= Demonax =

2nd century Greek philosopher

Demonax (Δημώναξ, Dēmōnax, gen.: Δημώνακτος; c. AD 70 – c. 170) was a Greek Cynic philosopher. Born in Cyprus, he moved to Athens, where his wisdom, and his skill in solving disputes, earned him the admiration of the citizens. He taught Lucian, who wrote a Life of Demonax in praise of his teacher. When he died he received a magnificent public funeral.

==Life==
The only source known for the life of Demonax is Lucian, who describes Demonax in glowing terms, in contrast to the disreputable Cynics whom Lucian reviled. He is not mentioned by any other contemporary writer. He is mentioned in the 5th century by Eunapius, but only because he knows of him from Lucian's work. It is possible, therefore, that Demonax is a character invented by Lucian. There are, however, some sayings attributed to Demonax found in anthologies compiled by later writers which are not found in Lucian's work.

Demonax was born c. 70 AD, in Cyprus, where he belonged to an influential family. He was led by a love of philosophy to become a philosopher. He was taught by the best philosophers of the day, including Agathobulus, Demetrius, and Epictetus. He eventually moved to Athens, where he seems initially to have offended the citizens, but eventually he came to be regarded with reverence for his resolute character:
To a natural impulse towards the good, an innate yearning for philosophy which manifested itself in childish years, that he owed his superiority to all the things that ordinary men pursue. He took independence and candour for his guiding principles, lived himself an upright, wholesome, irreproachable life, and exhibited to all who saw or heard him the model of his own disposition and philosophic sincerity.

He is described as a peace-maker, able to bring harmony between husband and wife, and to solve disputes between brothers. Lucian compares him to both Socrates and Diogenes, and when Demonax was asked which philosophers he preferred, he is said to have replied, "I admire them all; Socrates I revere, Diogenes I admire, Aristippus I love."

When Demonax was once asked why he never sacrificed to Athena, he replied, "he did not sacrifice to Athena, because she could not want his offerings." Similarly, he avoided initiation into the Eleusinian Mysteries, saying, "if the mysteries were bad, no one ought to be initiated; if good, they should be divulged to everybody."

He apparently lived to be nearly a hundred, by which time the Athenians loved him dearly:
Not Athens only, but all Greece was so in love with him that as he passed the great would give him place and there would be a general hush. Towards the end of his long life he would go uninvited into the first house that offered, and there get his dinner and his bed, the household regarding it as the visit of some heavenly being which brought them a blessing. When they saw him go by, the baker-wives would contend for the honour of supplying him, and a happy woman was the actual donor. Children too used to call him father, and bring him offerings of fruit.
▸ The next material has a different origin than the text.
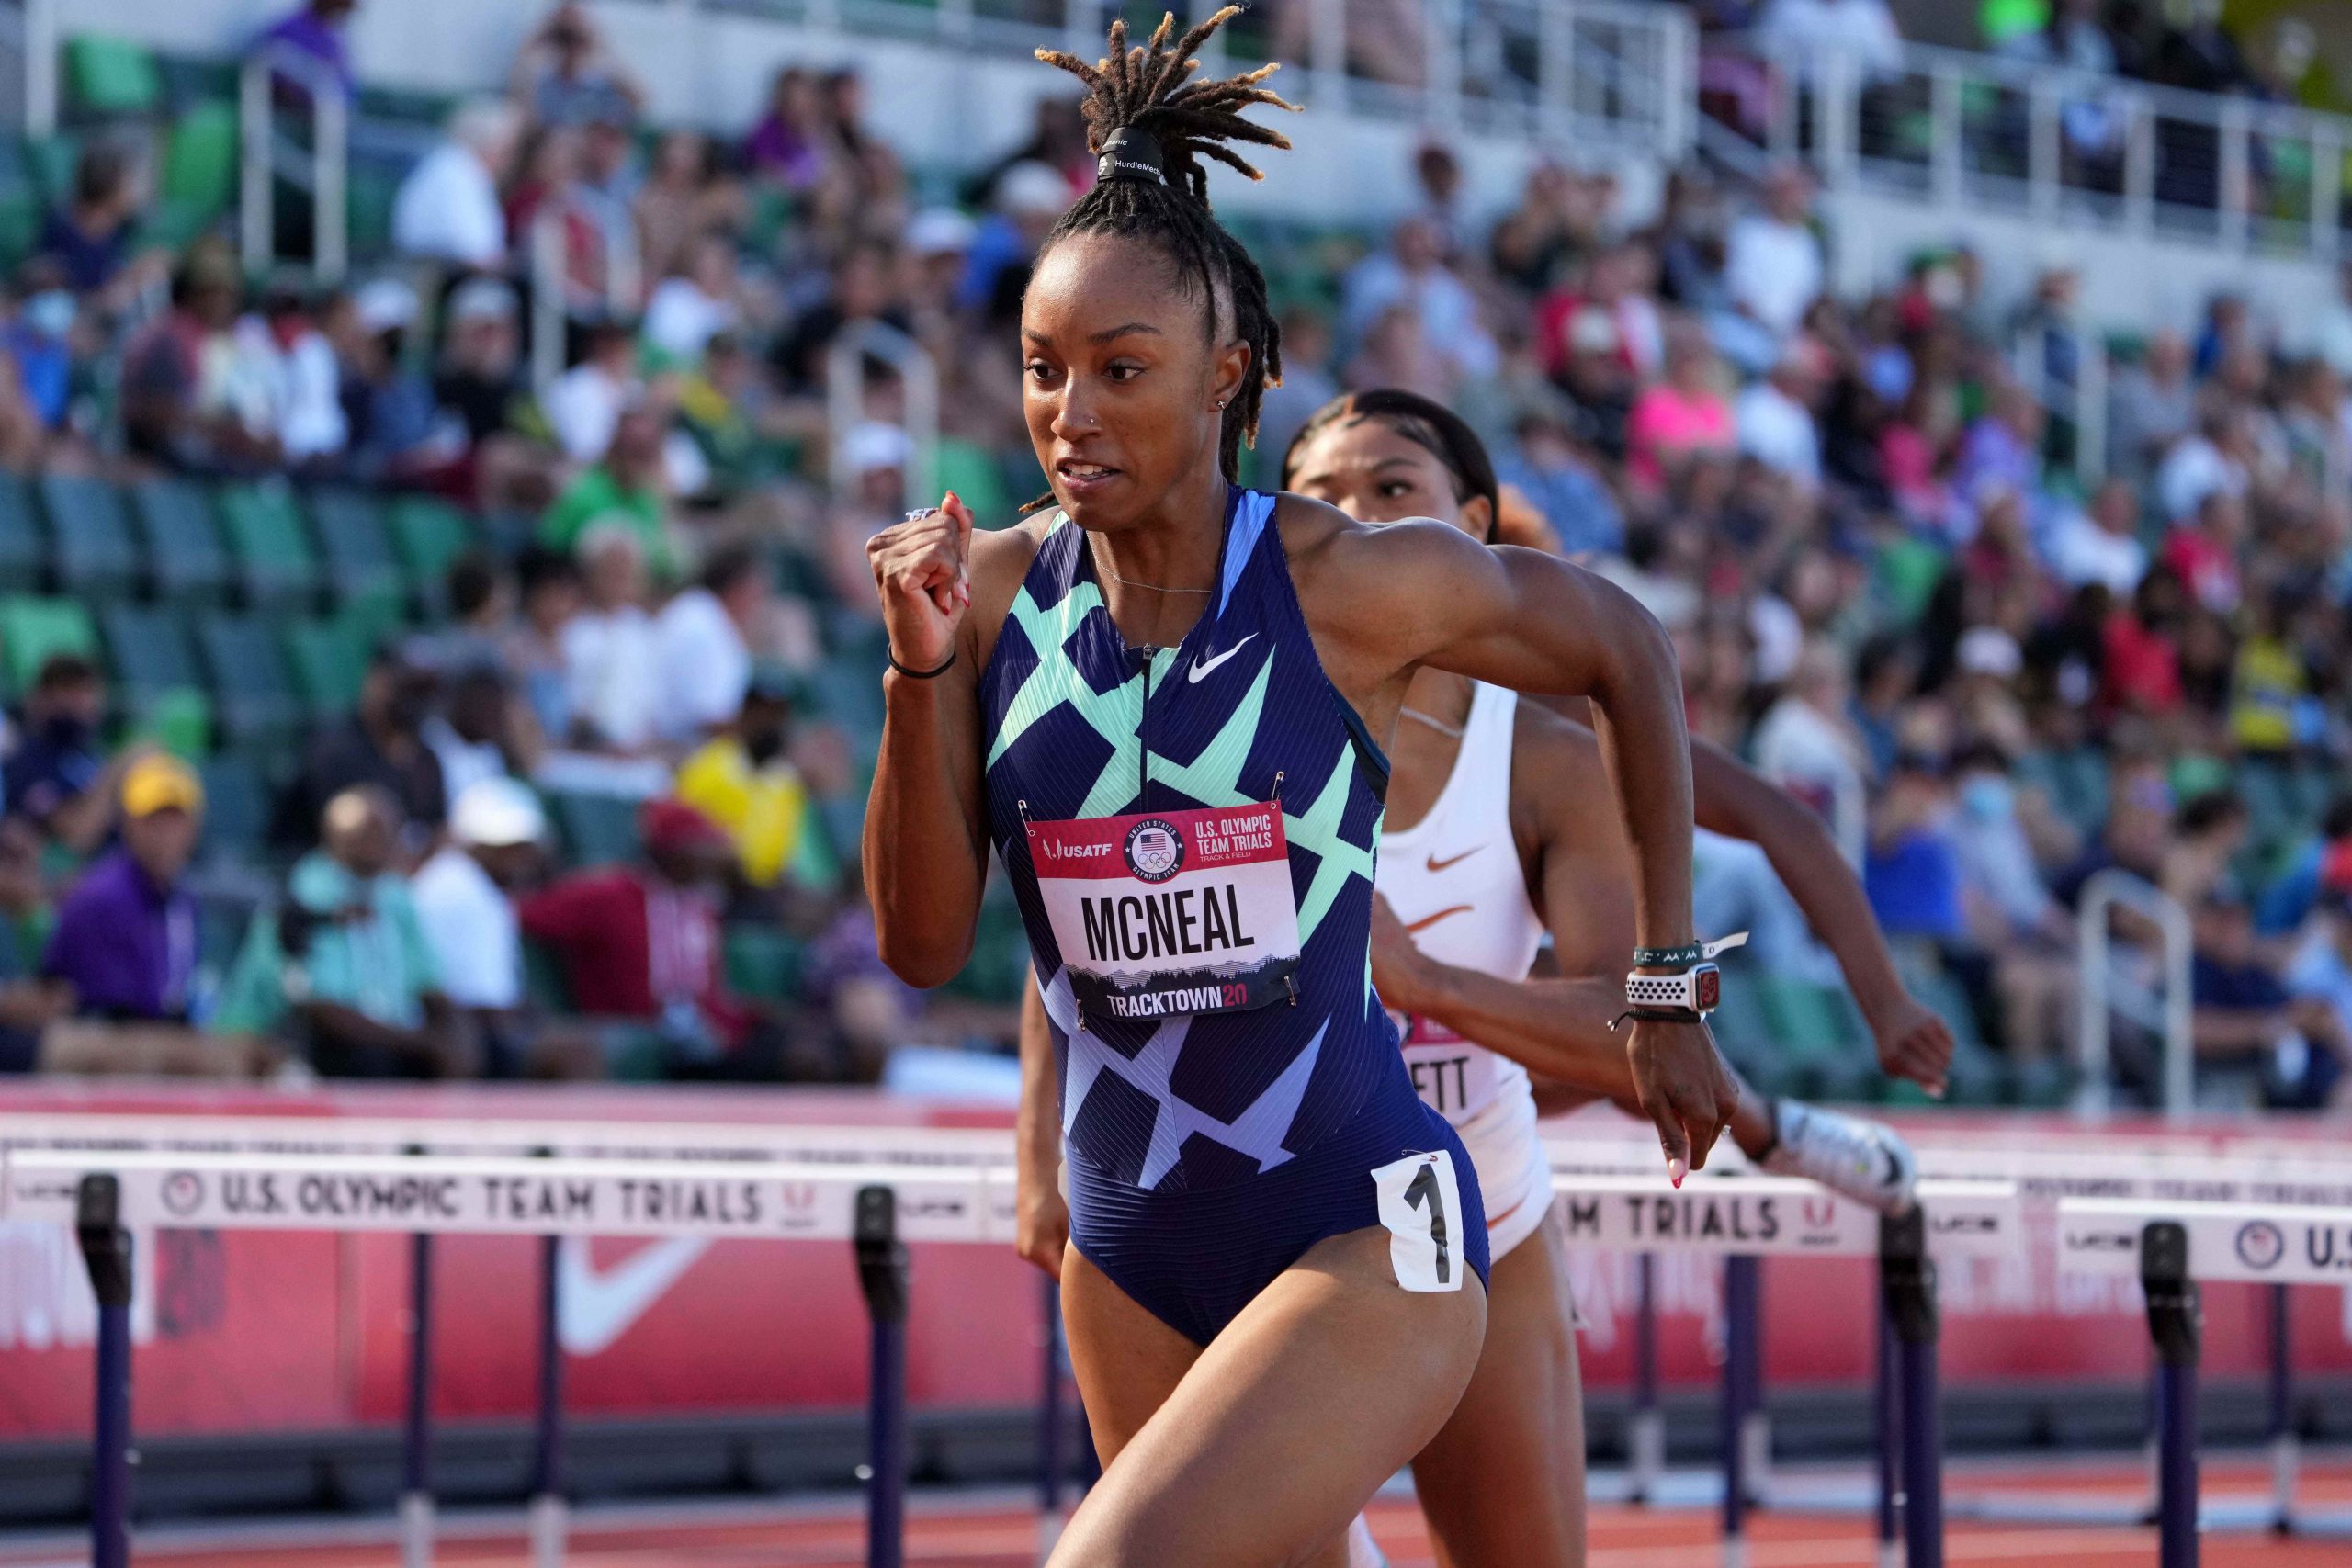 Track & Field: USA Olympic Team Trials Jun 19, 2021; Eugene, OR, USA; Brianna McNeal aka Brianna Rollins wins womens 100m hurdles heat in 12.50  during the US Olympic Team Trials at Hayward Field. Mandatory Credit: Kirby Lee-USA TODAY Sports Kirby Lee

He was said to have died (c. 170 AD) by starving himself, and the Athenians gave him a magnificent public funeral.

The crater Demonax on the Moon is named after him. Demonax is also a genus of longicorn beetles (Cerambycidae), characterised in part by possessing several spines on their antennae.

==Lucian's Life of Demonax==
Most of Lucian's account of Demonax is filled with pithy sayings in order to illustrate Demonax's wit. Long lists of anecdotes (known as chreia), were often collected concerning philosophers, especially Cynic philosophers, in order to demonstrate their character and wit:

When he once had a winter voyage to make, a friend asked how he liked the thought of being capsized and becoming food for fishes. "I should be very unreasonable to mind giving them a meal, considering how many they have given me."
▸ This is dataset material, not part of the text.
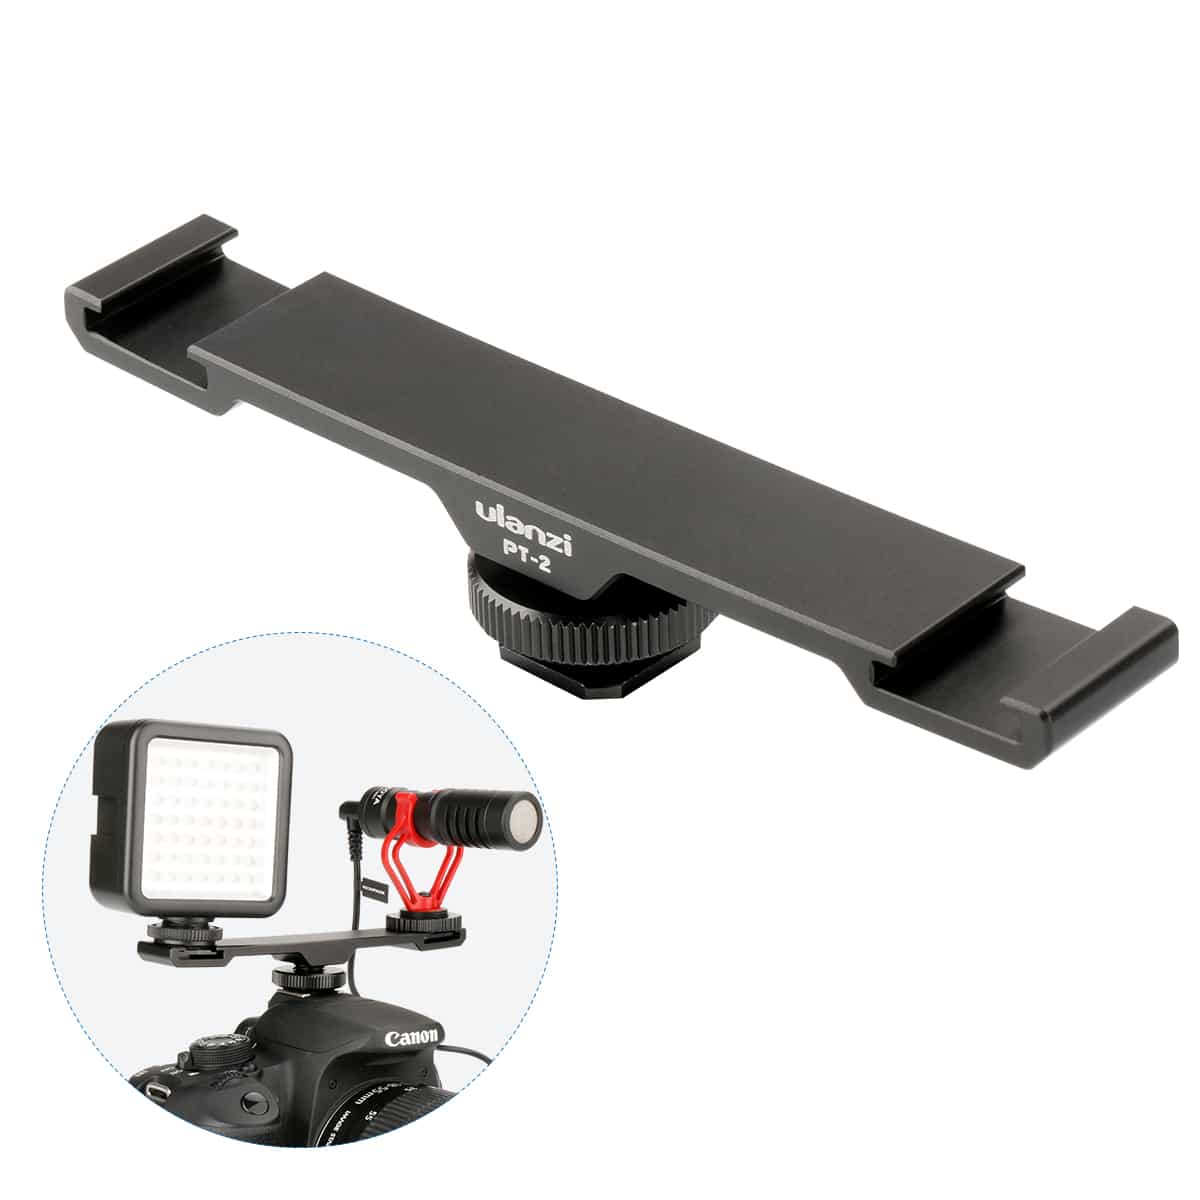 Ulanzi PT-2 Dual Cold Shoe Mount for camera and phone holder

To a rhetorician who had given a very poor declamation he recommended constant practice. "Why, I am always practising to myself," said the man. "Ah, that accounts for it; you are accustomed to such a foolish audience."

When someone asked him who he thinks as a truly happy man, he replied "the truly happy man is the free man. I'm talking about the one who neither hopes nor fears anything."

When another person kept himself shut up in the dark, mourning his son, Demonax represented himself to him as a magician: he would call up the son’s ghost, the only condition being that he should be given the names of three people who had never had to mourn. The father hum’d and ha’d, unable, doubtless, to produce any such person, till Demonax broke in: ‘And have you, then, a monopoly of the unendurable, when you cannot name a man who has not some grief to endure?’(compare the story of Kisa Gotami).